The H Word: Horror Is the Metal of Books

Around 2011 or so, I drove out to Fort Worth, Texas from my home in Dallas, about a forty-minute drive, to catch the “Finnish Metal Tour” that was coming through. The bands were Ensiferum (“Sword Bearing” in Latin or something to that effect), Finntroll (figureheads of the troll metal subgenre), Barren Earth, and Rotten Sound, who dutifully fulfilled their promise (in a good way—they’re grindcore, which is supposed to sound like shit).

The appointed theater for the show had gone under construction and the promoters were forced to find a new venue. The substitute spot was—and I swear to you this is true—a sheet metal-clad biker bar honkytonk. Rolling up to the place, I felt like the Gecko brothers must have on their approach to the seedy strip club in From Dusk Till Dawn.

I stepped inside. To my left was the bar and just past that, a pool table with torn felt. Across the peeling vinyl flooring to the right was a plywood stage. A greasy haze hung just below the ceiling. It smelled of smoke and liquor and possibilities. I breathed it in. It was going to be a night for the ages.

The two openers, Barren Earth and Rotten Sound, did their thing, and by the time Ensiferum took the stage, the audience was packed in tight around me, stinking of beer, armed with ciggies, and ready to rock. Ensiferum launched into their set, belting out Viking songs about going into battle, being in battle, and returning from battle. Legendary. I’d been to metal shows before, but not to a Viking metal show, and what happened near the end, something I’ve seen many times since with Ensiferum and their ilk, cast the evening in new light.

A large swath of the audience sat down on the floor two-by-two in one long row. I don’t remember which song it was, but they all began to mime the act of rowing their imaginary Viking longboat to the rhythm of the music. I stood there, arms crossed and dumbfounded, as I marveled at the joy and complete lack of self-consciousness displayed by my fellow metalheads.

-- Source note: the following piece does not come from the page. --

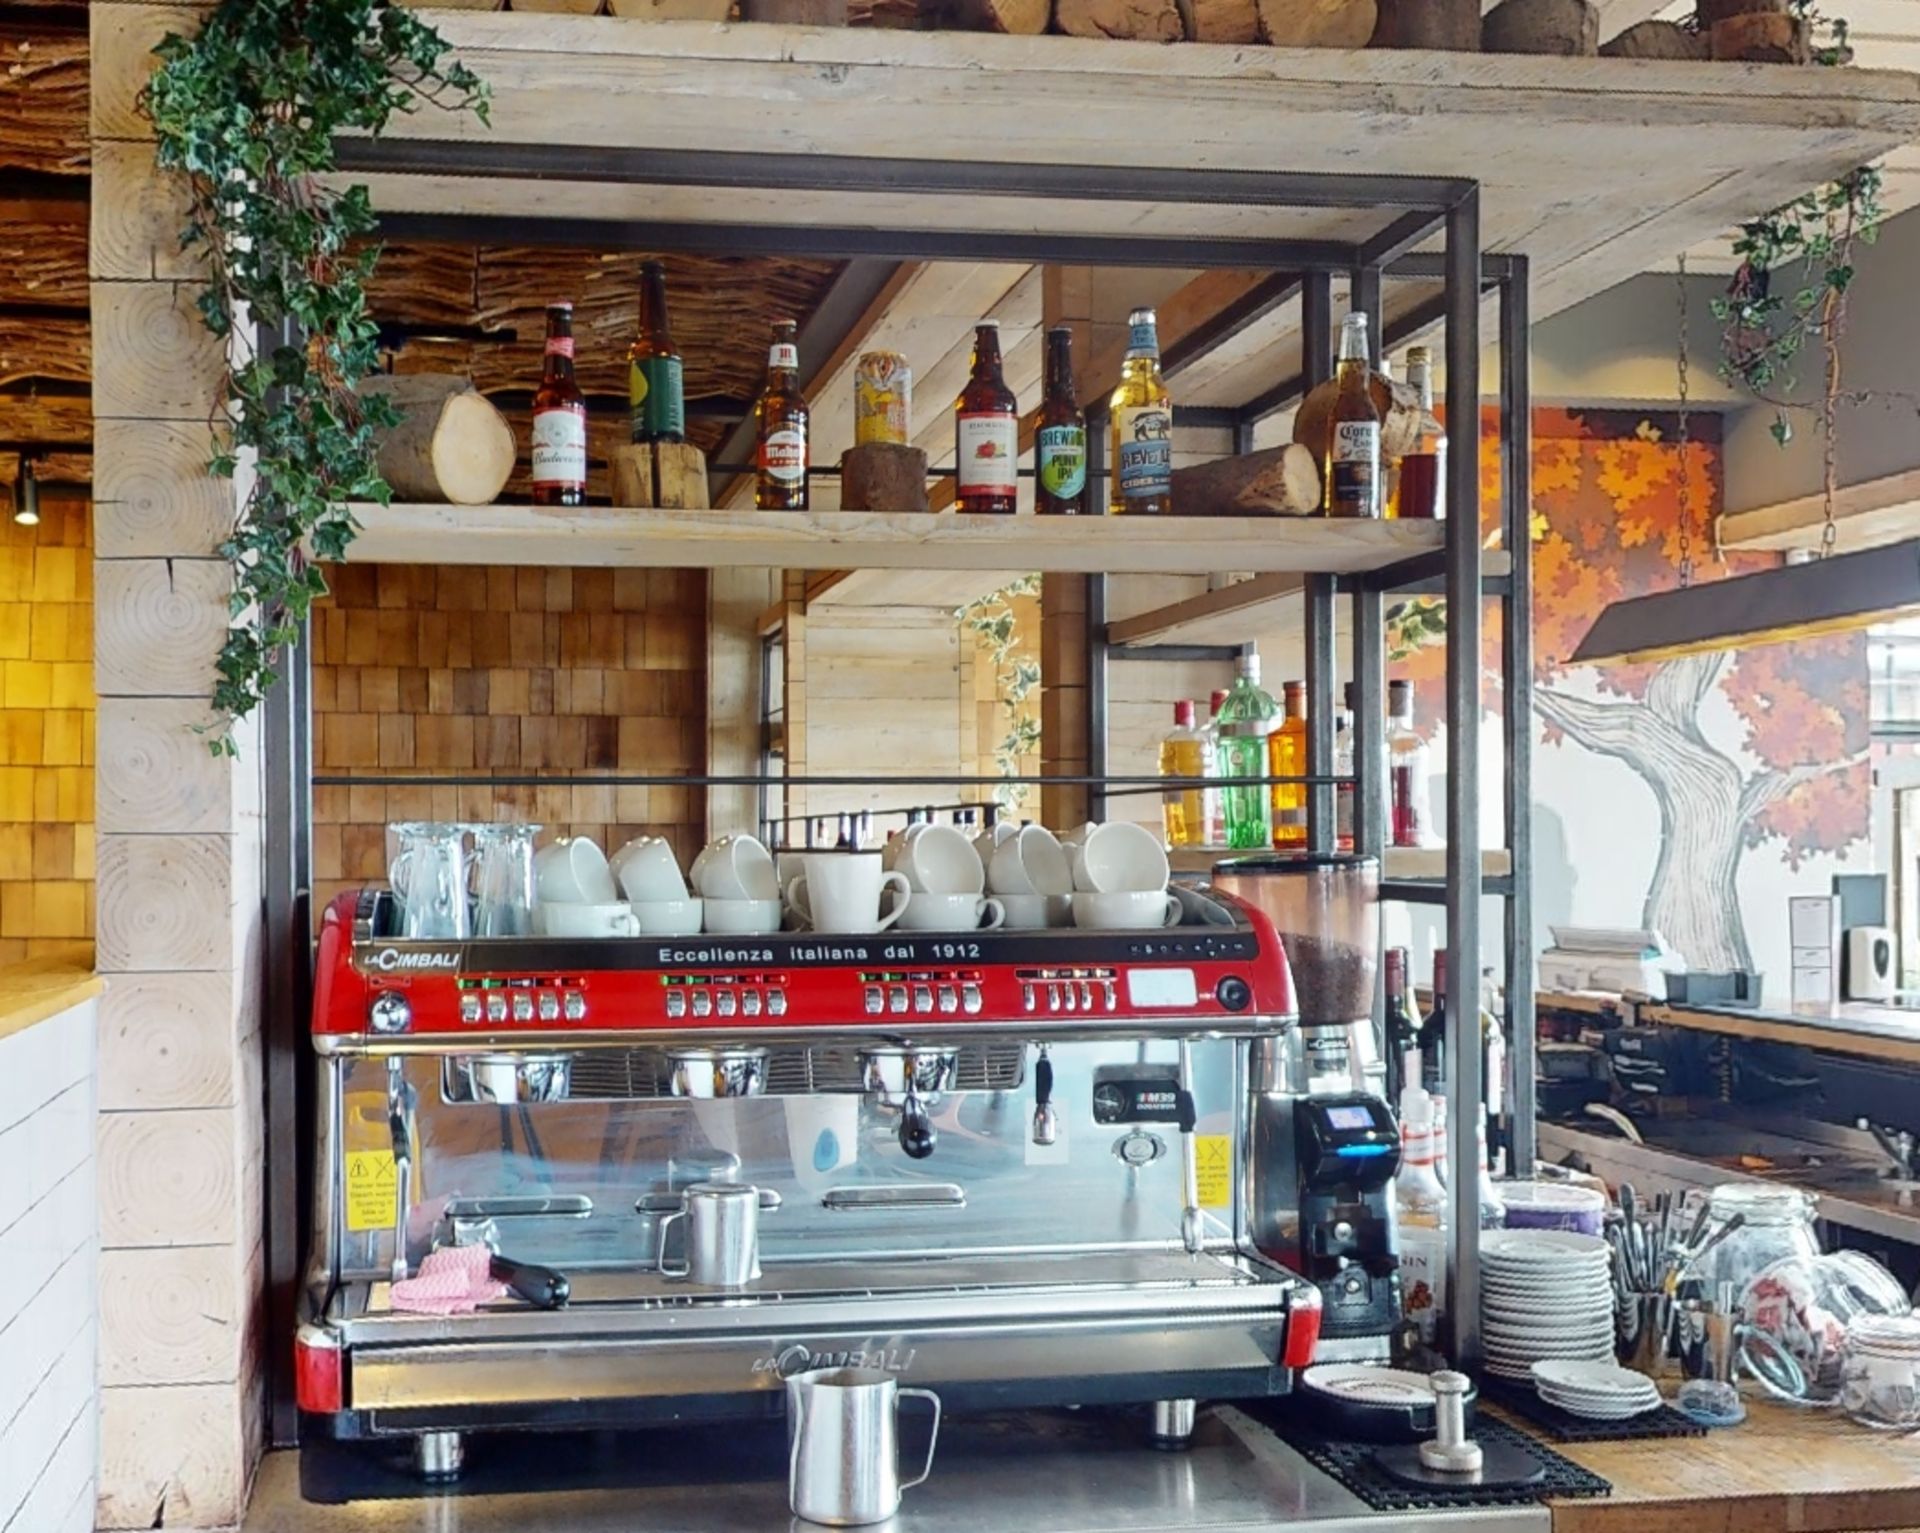 1 x Back Bar Area With an Industrial Steel and Natural Wooden Design - Image 6 of 8
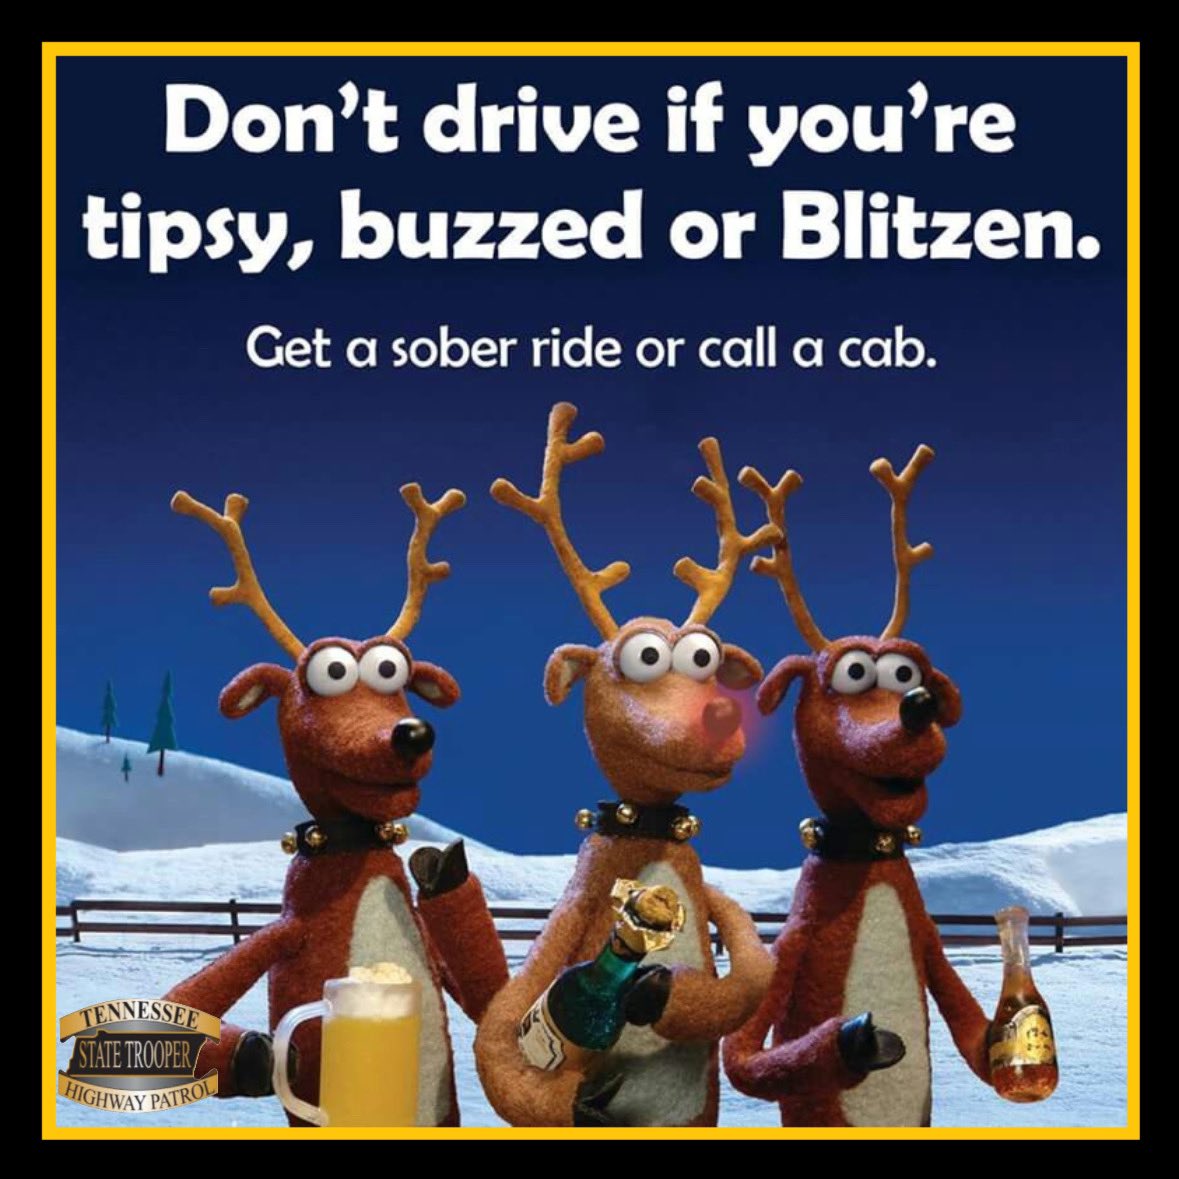 🚫🍻 This holiday season, let's prioritize safety and responsibility. Don't let a celebration turn into a tragedy. Say NO to drinking and driving. Your choices can save lives. #DriveSafe #HolidaySafety 🚗✨

Finntroll came next. Predictably, their folk music-tinged metal centered on trolls. Or so I suppose—the lyrics were in Swedish. To give you an idea, just imagine happening upon a whimsical carnival in a snowy forest, with a giant bonfire at its center, with every sort of magical creature dancing a ring around it. You can’t hear yourself think, because the music is turned all the way up to goblin, which if you haven’t heard it, is loud.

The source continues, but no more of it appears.